Aging & Health A to Z
Causes & Symptoms
All types of strokes involve the interruption of the blood supply to some area of your brain. Both blocked blood vessels and leaking vessels result in a lack of oxygen and nutrients getting to brain cells. It takes only a few minutes—or even seconds—after blood flow is interrupted to kill millions of brain cells.
Thrombotic or embolic strokes usually means that some areas of your arteries are being damaged by atherosclerosis—a build-up of cholesterol and other fats, combined with calcium— that forms atherosclerotic “plaques”. Atherosclerosis in these areas results in blood clots that can suddenly clog up and block already narrowed arteries. Sometimes the narrowing occurs in the carotid arteries of your neck, stopping the blood from getting to your brain. Rarely, not enough blood can get to the brain because of very low blood pressure, such as when one is in shock.
Embolic strokes are often associated with an irregular or abnormal heart rhythm in one of the upper chambers of your heart (called an atrium). The abnormal rhythm is called atrial fibrillation. Atrial fibrillation may cause blood clots to form in your heart. These may travel up to your brain and cause an embolic stroke.
Intracerebral hemorrhagic strokes are usually caused by uncontrolled high blood pressure (hypertension). Subarachnoid hemorrhagic strokes are more likely to result from the breaking of a weak area of a blood vessel known as an aneurysm. Often, these weak areas are abnormalities that you are born with.
Lifestyle factors: Your likelihood of having a stroke is higher if your lifestyle is unhealthy. The following lifestyle factors increase your stroke risk:
- Obesity or being overweight
- A diet high in saturated and trans fats and low in “good” fats
- High salt intake
- Alcohol abuse
- Substance abuse (cocaine and other illegal drugs)
Medical factors: Having certain medical conditions or diseases increases your chance of having a TIA or a stroke. These conditions include:
- Previous stroke or TIA
- High blood pressure (hypertension) (the number one risk factor for stroke)
- Atrial fibrillation
- Family history of stroke
- High cholesterol
- Older age (the risk increases for people over age 55)
- Race (stroke is more likely to cause death in African Americans)
- Heart disease
- Peripheral artery disease (PAD) – decreased blood flow, especially in your legs or in the carotid arteries in your neck
- Other circulation problems that are not well-controlled, such as sickle cell anemia
- Anemia that is left untreated.
Symptoms and Warning Signs
Stroke symptoms vary considerably, depending upon:
- The type of stroke
- The part of the brain that is affected
- The severity of the brain damage.
Usually, symptoms start suddenly and a disability is evident right away – for instance, weakness or paralysis in some part of the body, with or without a headache. Often, the symptoms get progressively worse over the first hours or days, or the symptoms may come and go. Some people are not even aware that they have had a stroke. In cases of TIA, symptoms may last only a few minutes and go away completely.

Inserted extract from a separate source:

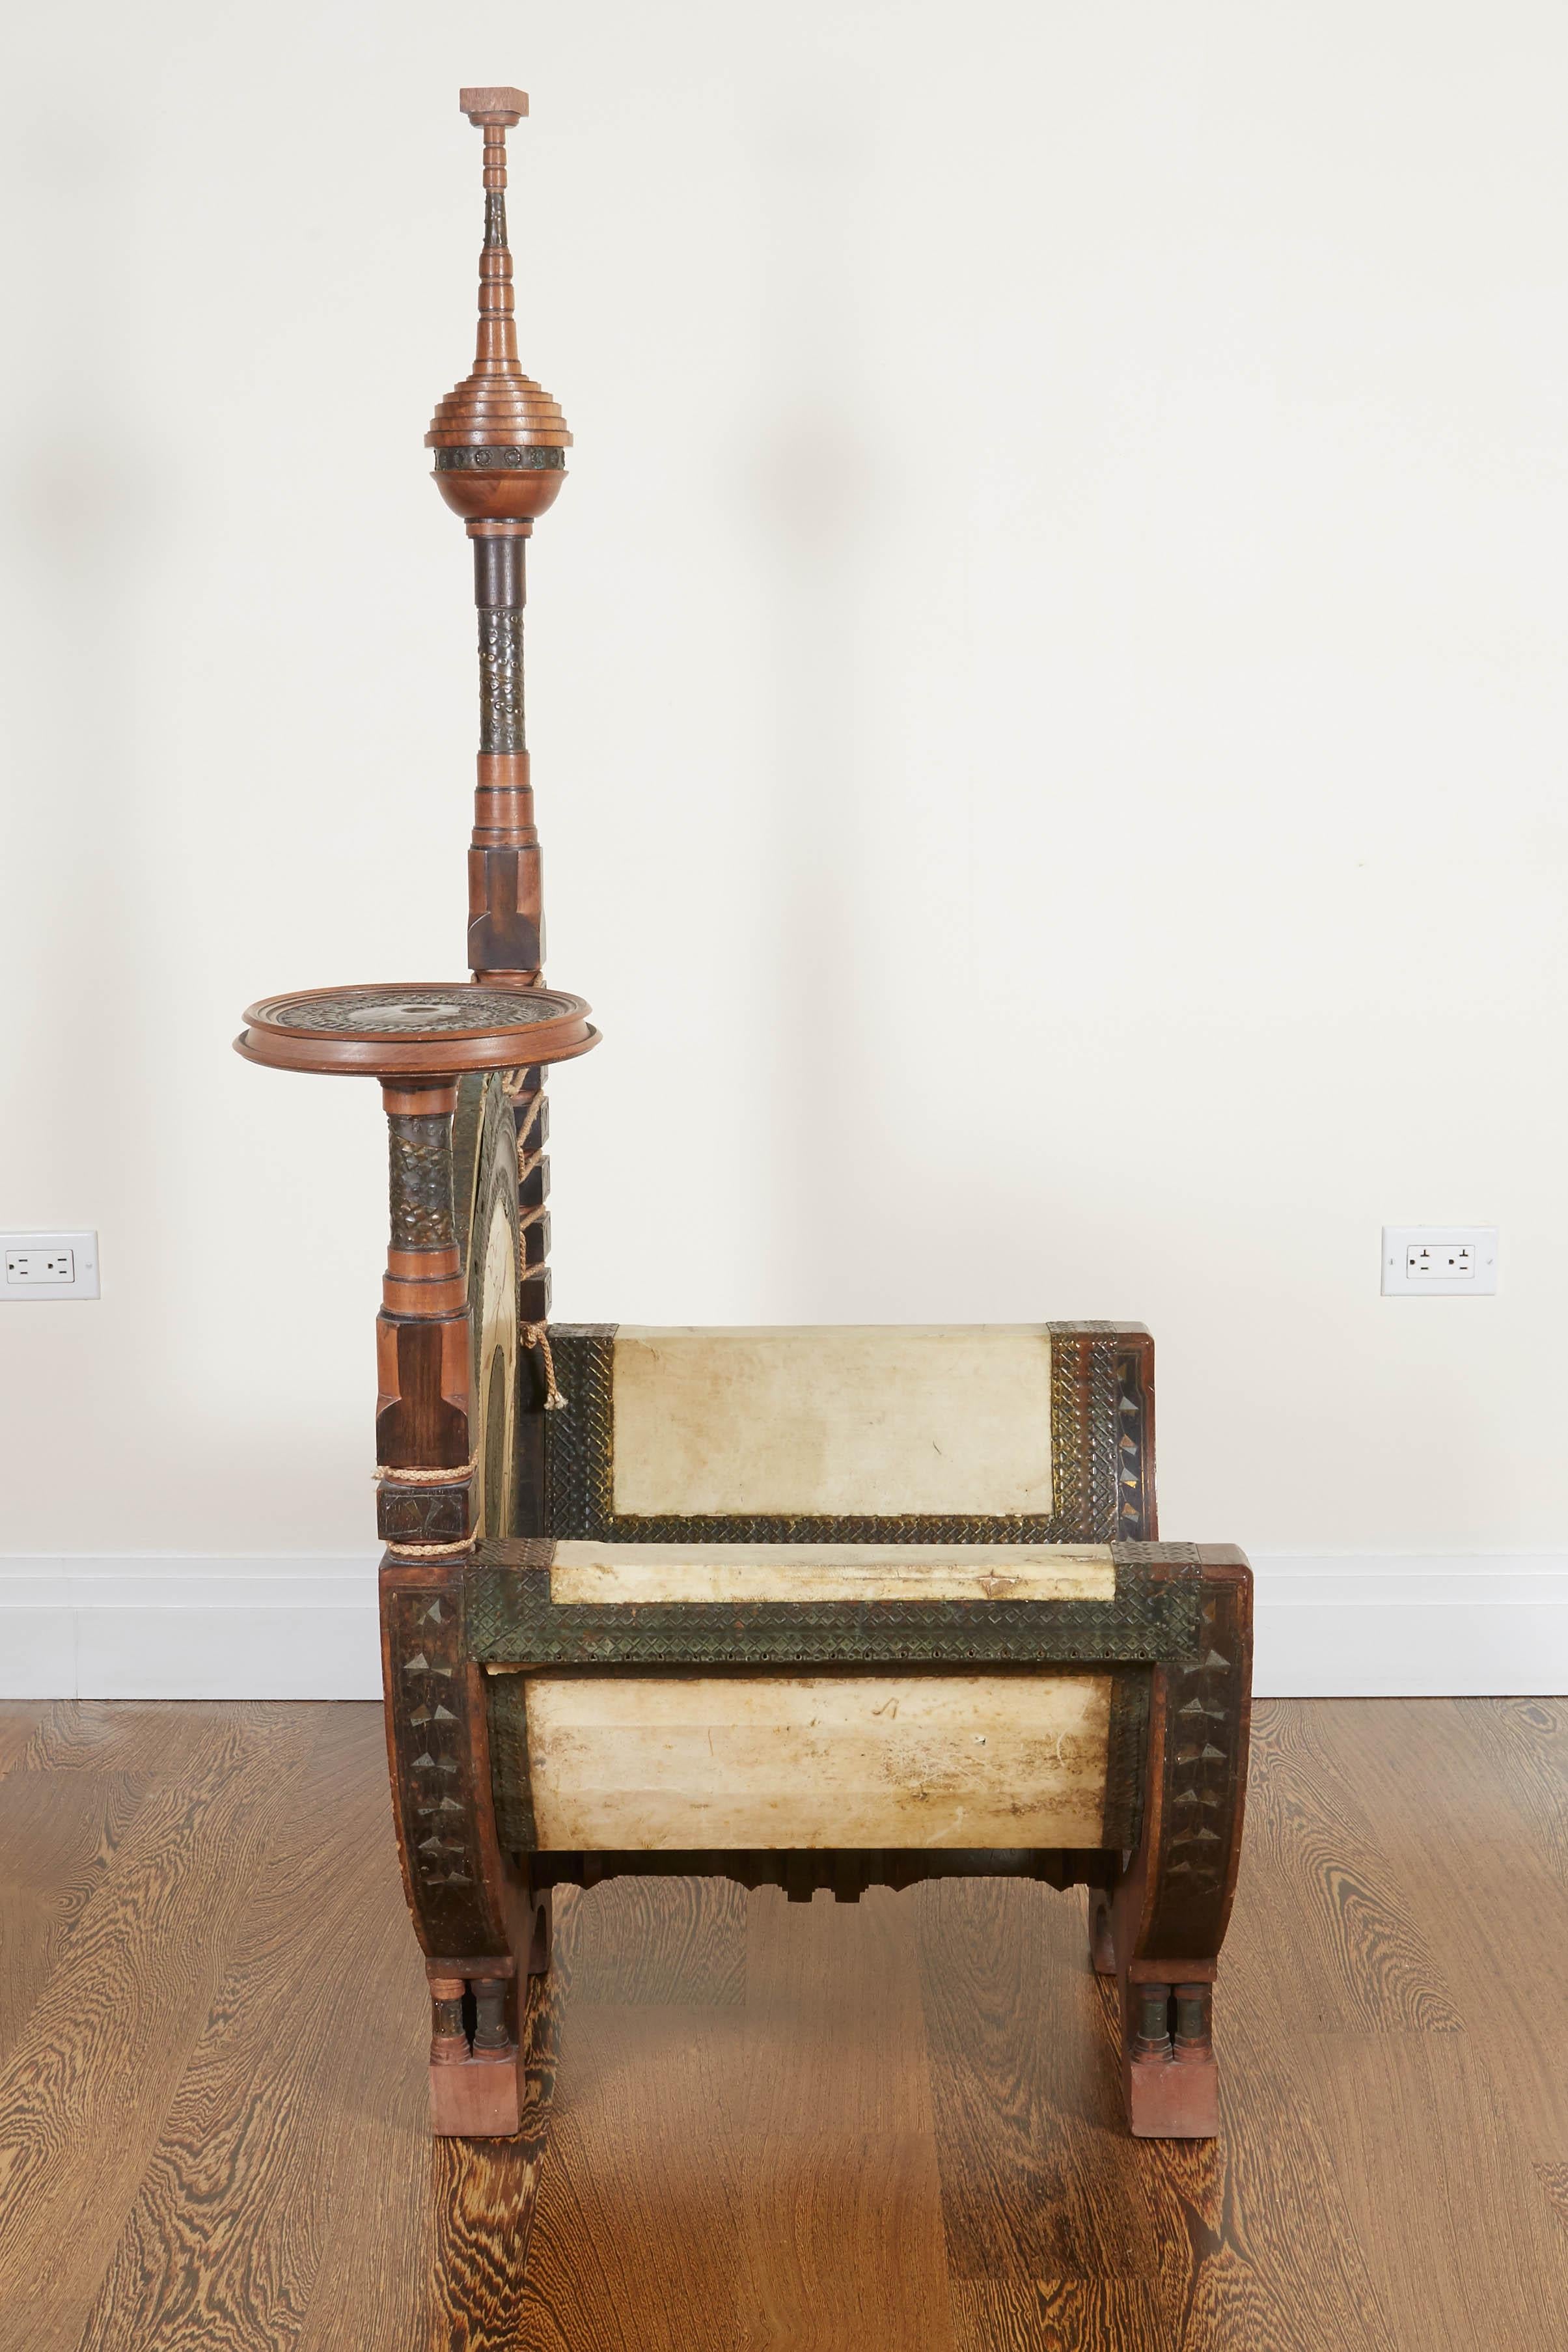 Early 20th Century Carlo Bugatti Throne Chair in Ebonized Wood, Vellum and Copper

You must go to the hospital immediately if you suspect that you are having a stroke or TIA. Call 911 right away or have someone drive you.

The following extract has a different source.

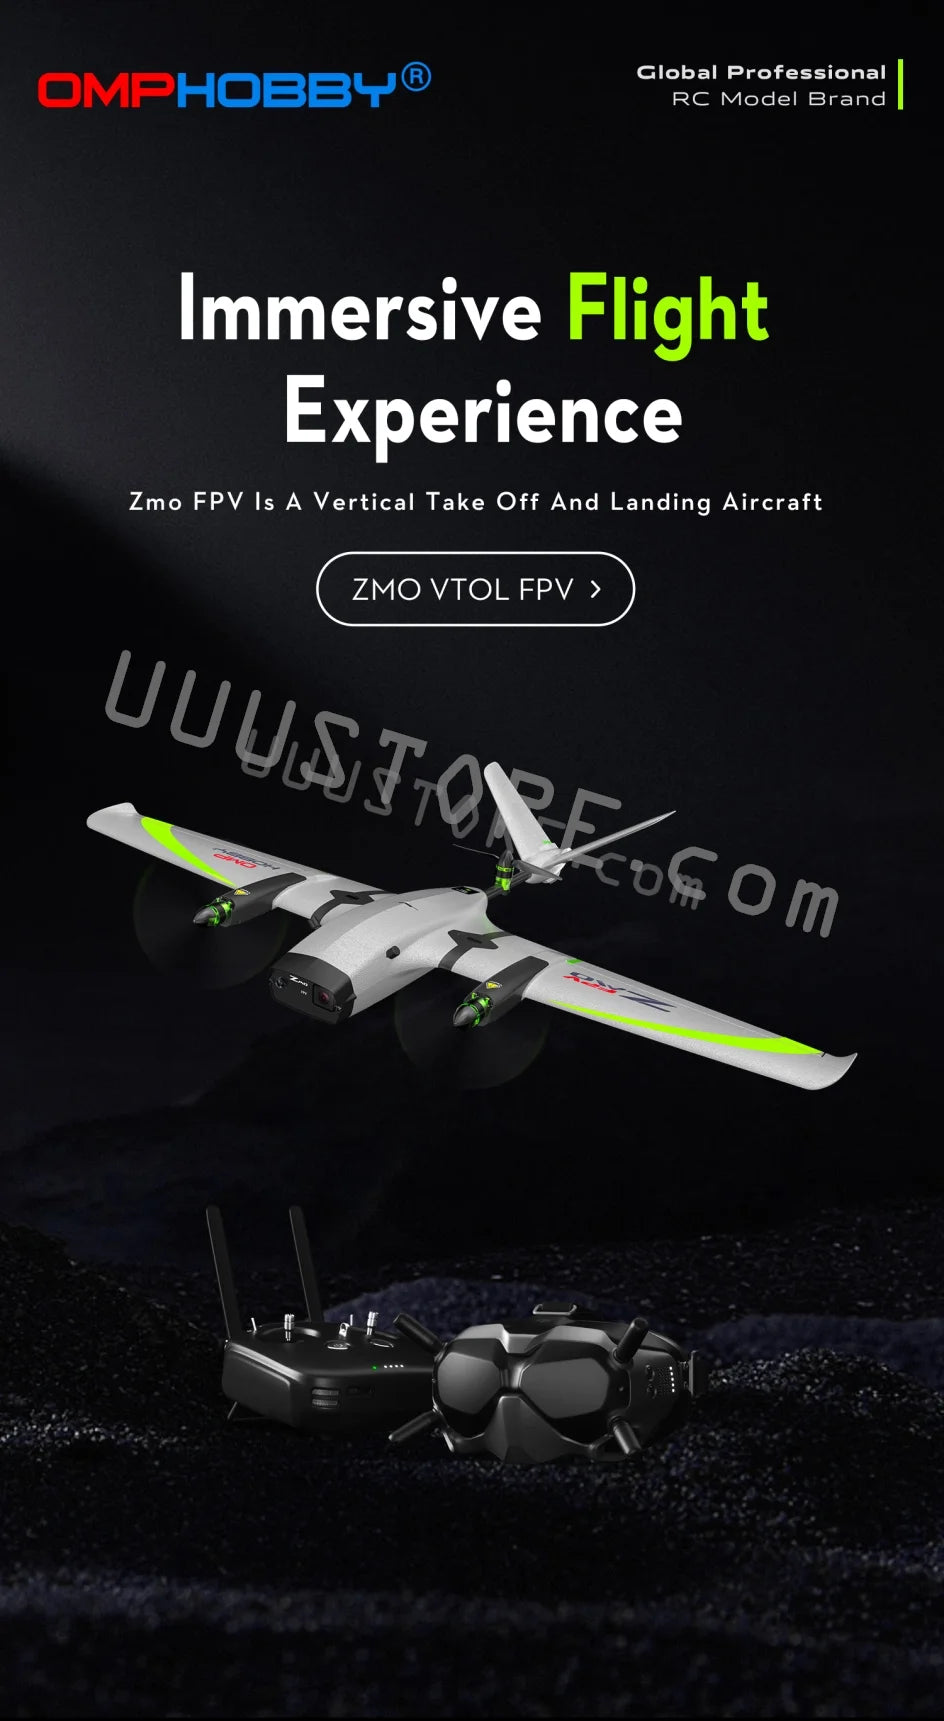 OMPHOBBY ZMO VTOL RC AirPlane , OMPHOBBY RC Model Brand Immersive Flight Experience Zmo FP

If it is a TIA, the symptoms will likely disappear before you get to the hospital. However, you still need to be evaluated.
The National Stroke Association suggests following the “FAST” guideline below if you suspect that you or someone in your care may be having a stroke:
FACE: Ask the person to smile. Does one side of the face droop?
ARMS: Ask the person to raise both arms. Does one arm drift downward?
SPEECH: Ask the person to repeat a simple sentence. Does the speech sound slurred or strange?
TIME: If you observe any of these signs, it’s time to call 911 or go to the nearest stroke center or hospital.
A more complete list of stroke or TIA symptoms is listed below:
- Dizziness or vertigo (the feeling that you or everything around you is spinning)
- Sleepiness, reduced responsiveness, unconsciousness, or coma
- Changes in sense of touch, and sensations of pressure, temperature, or pain
- Difficulty speaking
- Inability to understand what another person is saying
- Difficulty swallowing
- Problems with reading or writing
- Vision impairment – double vision, loss of vision
- Problems identifying objects or knowing their functions
- An intense, sudden headache Trouble walking: clumsiness or difficulties with coordination and balance
- Muscle weakness, in face, arm or leg – often only on one side
- Numbness in a certain part of the body.